The excessive deficit procedure for breaches of the debt criterion would be strengthened for both activation and abrogation. It would focus on departures by Member States with debt above 60% of GDP from the fiscal path that the Member State has committed itself to and has been endorsed by the Council under the proposed Regulation replacing the preventive arm of the Stability and Growth Pact (SGP).
A substantial public debt challenge established according to the most recent Debt Sustainability Monitor should be considered a key factor leading to the opening of an EDP as a rule. In case this original path is no longer feasible, due to objective circumstances, the Commission could propose to the Council an amended path under the EDP.
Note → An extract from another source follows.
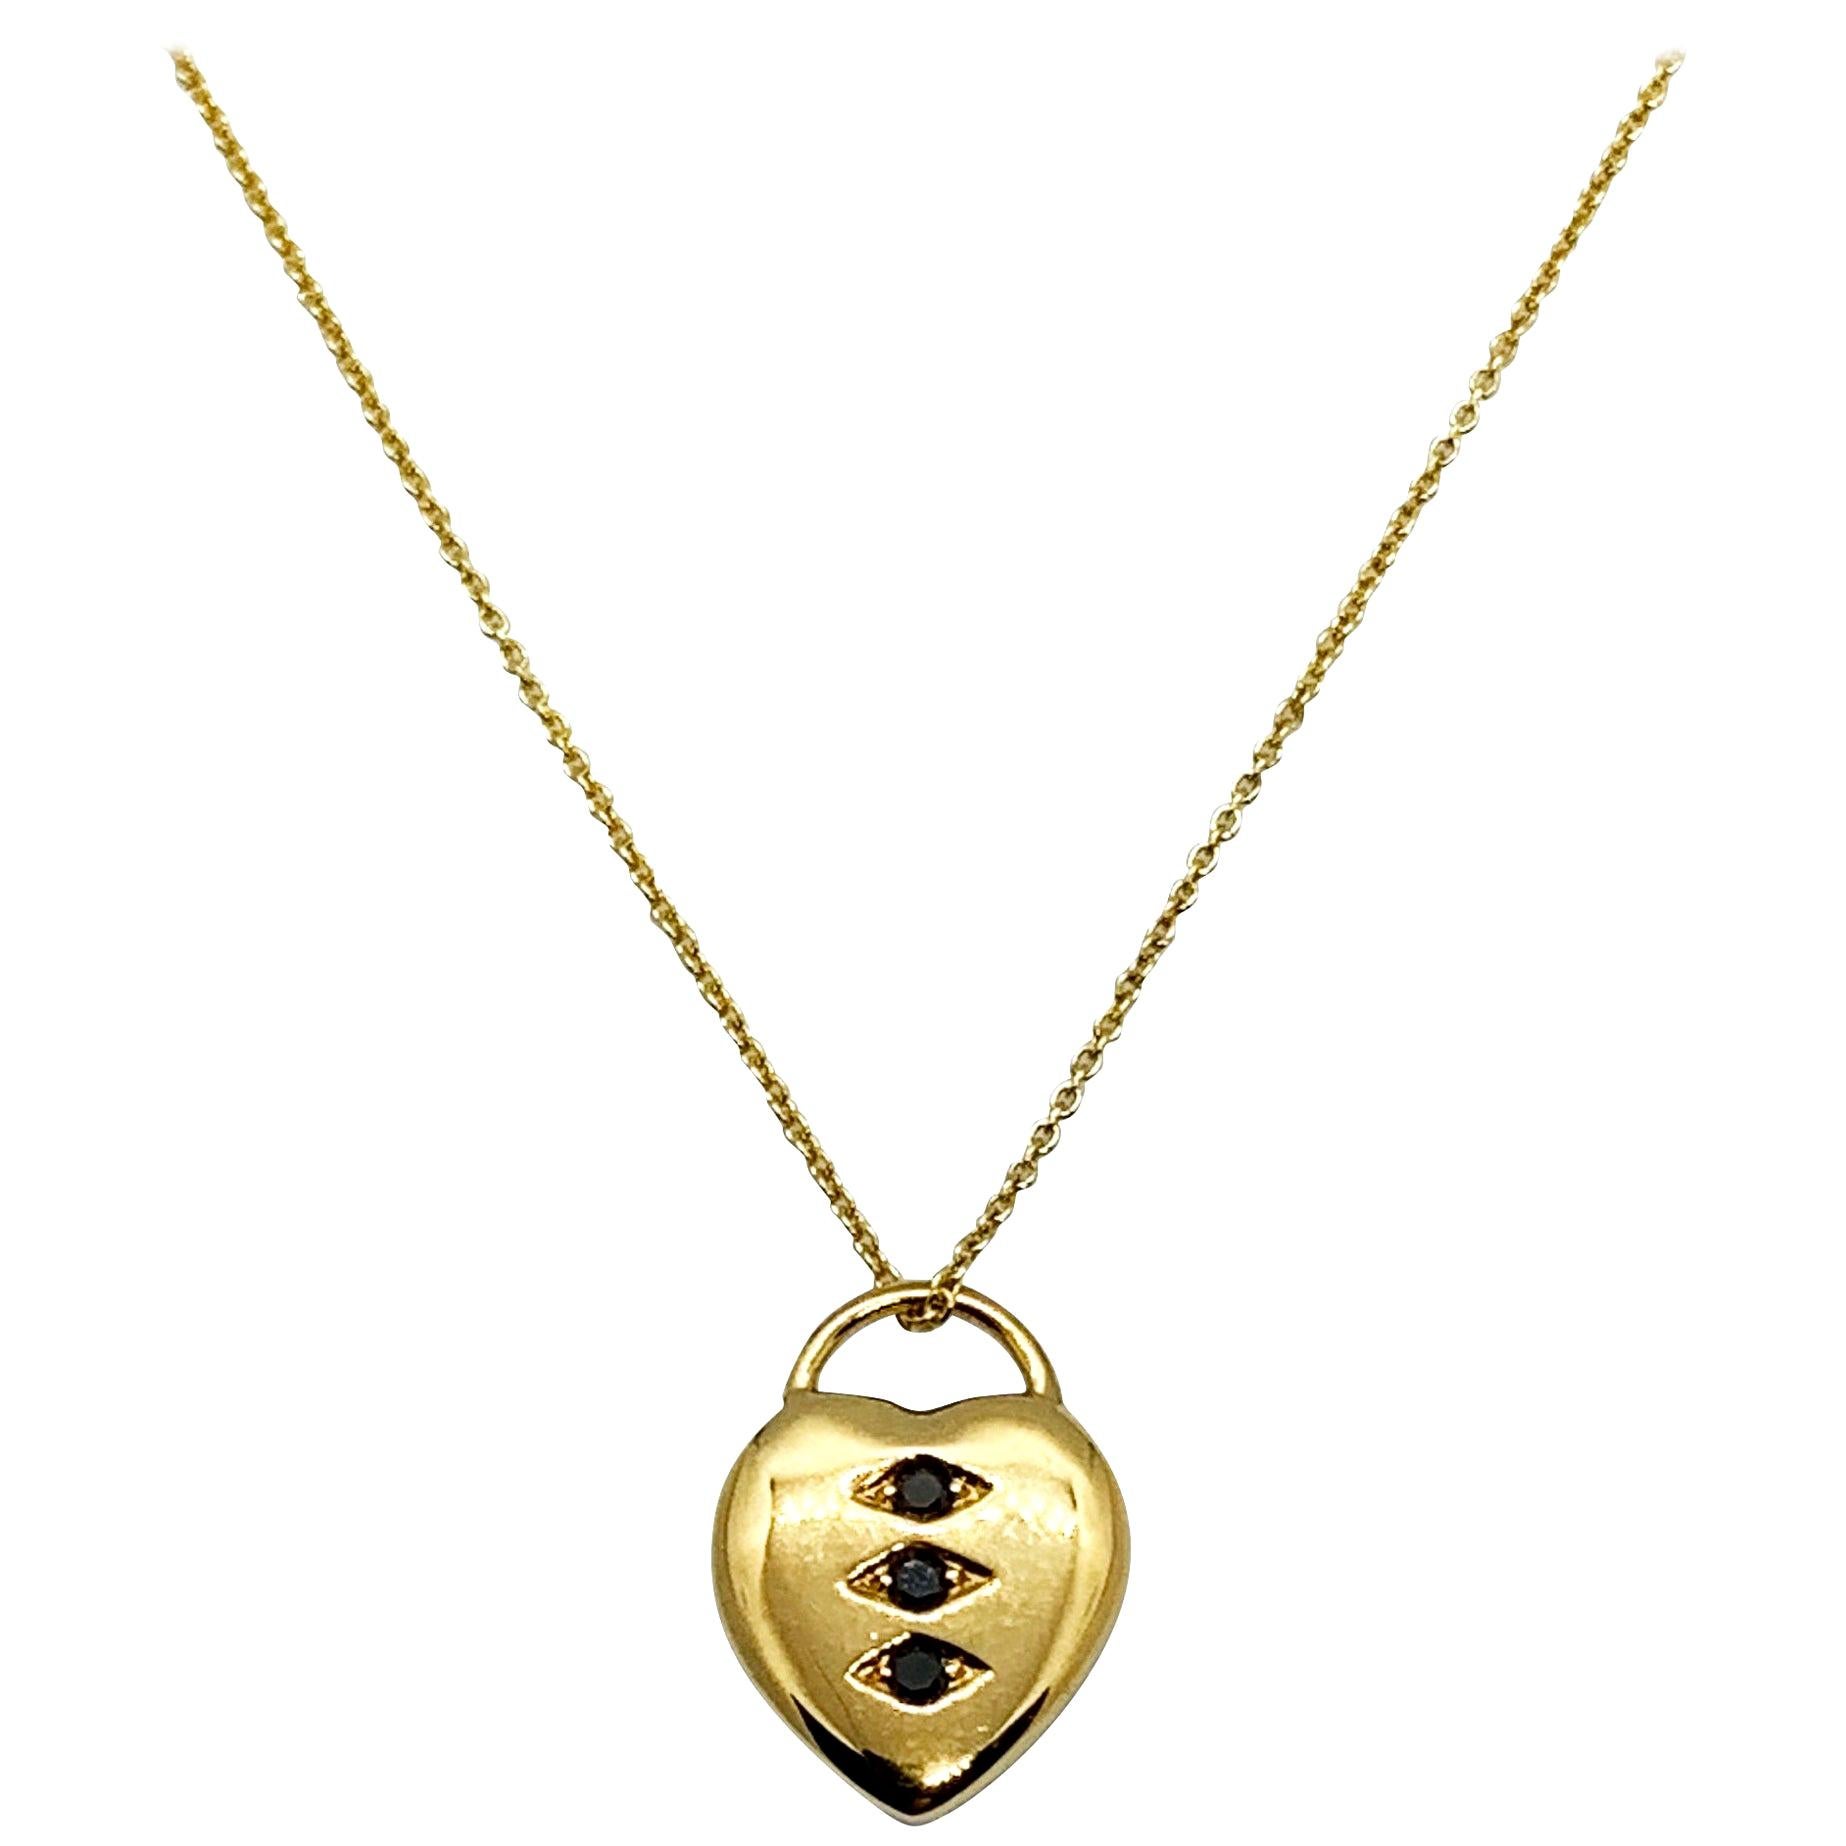 Luca Jouel Petite Black Diamond Heart Necklace in Yellow Gold For Sale

More specifically, the proposal:
- changes the operationalisation of the Treaty debt criterion, abandoning the 1/20th rule and focusing on the respect of the net expenditure path set by the Council under the proposed Regulation replacing the preventive arm of the SGP;
- removes the reference to a quantitative description of a severe economic downturn and refers instead to the proposed Regulation replacing the preventive arm of the SGP;
- streamlines the list of relevant factors to decide on the existence of an excessive deficit;
- provides that, in the event of a severe economic downturn, the Commission and the Council may decide in their assessment not to conclude on the existence of an excessive deficit, in line with the approach followed when the general escape clause was activated during the COVID-19 crisis;
- specifies the requirements of the corrective net expenditure path set out in a Council Recommendation, namely that the government deficit should be brought back to or maintained below the 3% of GDP reference value and that the debt ratio should be placed on a plausible downward path or kept at a prudent level;
- maintains, for the years in which the government deficit is expected to exceed the reference value, a minimum annual adjustment of at least 0.5% of GDP as a benchmark;
- imposes an additional obligation on Member States to include in their report on effective action the opinion of their independent fiscal institution;
- provides that in case of a severe economic downturn in the euro area or the Union as a whole, the Commission and the Council may decide not to conclude on the existence of an excessive deficit.
Lastly, the proposal provides that the missions undertaken by the Commission in Member States allow an exchange also with relevant stakeholders other than the national authorities, including independent fiscal institutions. It also requires the Commission to carry out dedicated surveillance missions to Member States which were given a notice by the Council and provides that, in that context and upon invitation by the parliament of the Member State concerned, the Commission may present its assessment of the economic and fiscal situation in the Member State concerned.